Marine-Derived Nanozyme-Crosslinked Self-Adaptive Hydrogels for Programmed Regulating the Regeneration Process

Self-adaptive hydrogels that can specifically respond to pathological cues and match the highly ordered tissue regeneration process are significantly on-demand for effective wound management. Herein, multifunctional marine-derived gold clusterzyme (AuNCs)-based self-adaptive hydrogels with microenvironment triggered release behavior are elaborately fabricated for on-demand antioxidant, anti-inflammatory and immunoregulation. The marine mussel-derived catechol ligands (L-3,4-dihydroxyphenylalanine) endow AuNCs with enhanced superoxide dismutase-mimic activity due to their high affinity to superoxide anion free radical (O₂⁻•) and unique electron transfer mechanism, leading to 100% inhibition of O₂⁻•. Upon uniformly crosslinking with phenylboronic acid-modified marine-derived sodium alginate (PBA-Sa), the obtained AuNCs@PBA-Sa hydrogels exhibit outstanding self-healing property, tunable degradation and good removability.
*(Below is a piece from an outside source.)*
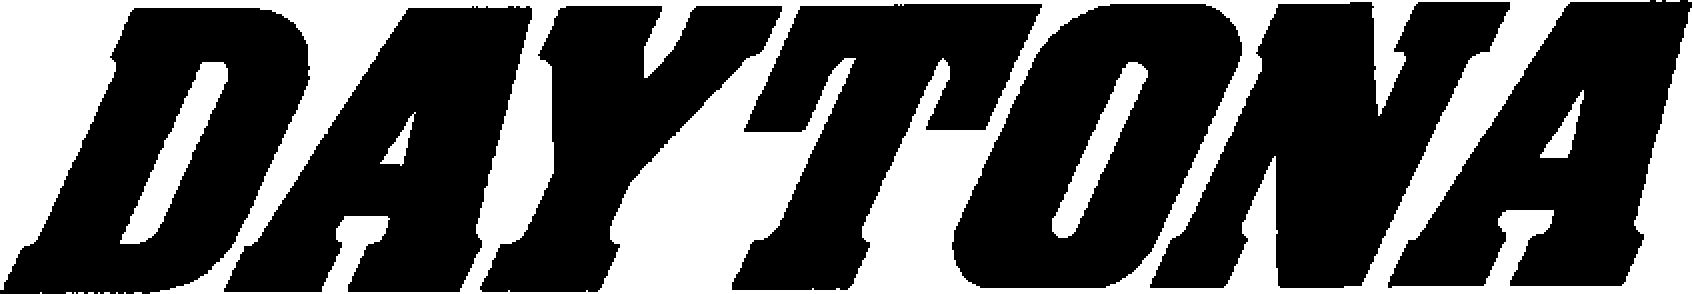 Trademark Logo DAYTONA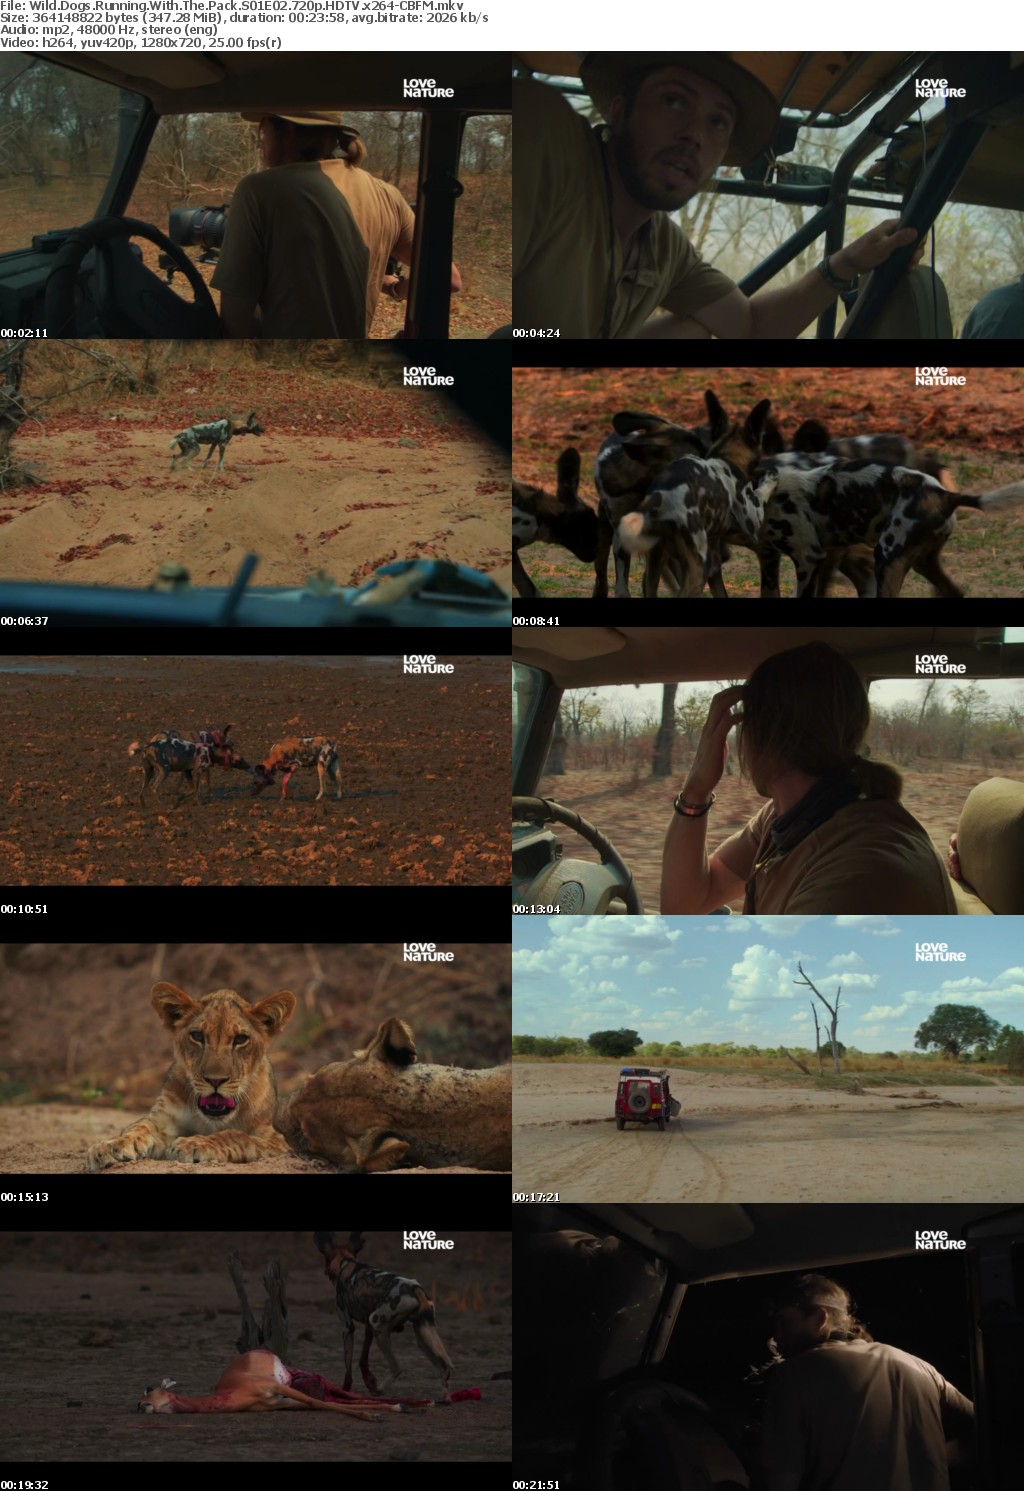 Wild Dogs Running With The Pack S01E02 720p HDTV x264-CBFM

Meanwhile, AuNCs can greatly enhance the mechanical property and confer the hydrogel with favorable tissue adhesion for rapid hemostasis. Furthermore, injectable AuNCs@PBA-Sa hydrogels can not only adapt their shape to the irregular wound, but also smartly adapt their microstructure to the physiological microenvironment of diabetic wound, leading to the responsive release of AuNCs upon the break of boronate ester bonds. The released gold clusterzymes can actively induce the generation of M2-macrophage, demonstrating an outstanding anti-inflammatory and pro-regeneration effect. Therefore, the present multifunctional clusterzyme-based self-adaptive hydrogels hold great potential for remolding the dynamic tissue regeneration microenvironment and smart wound management.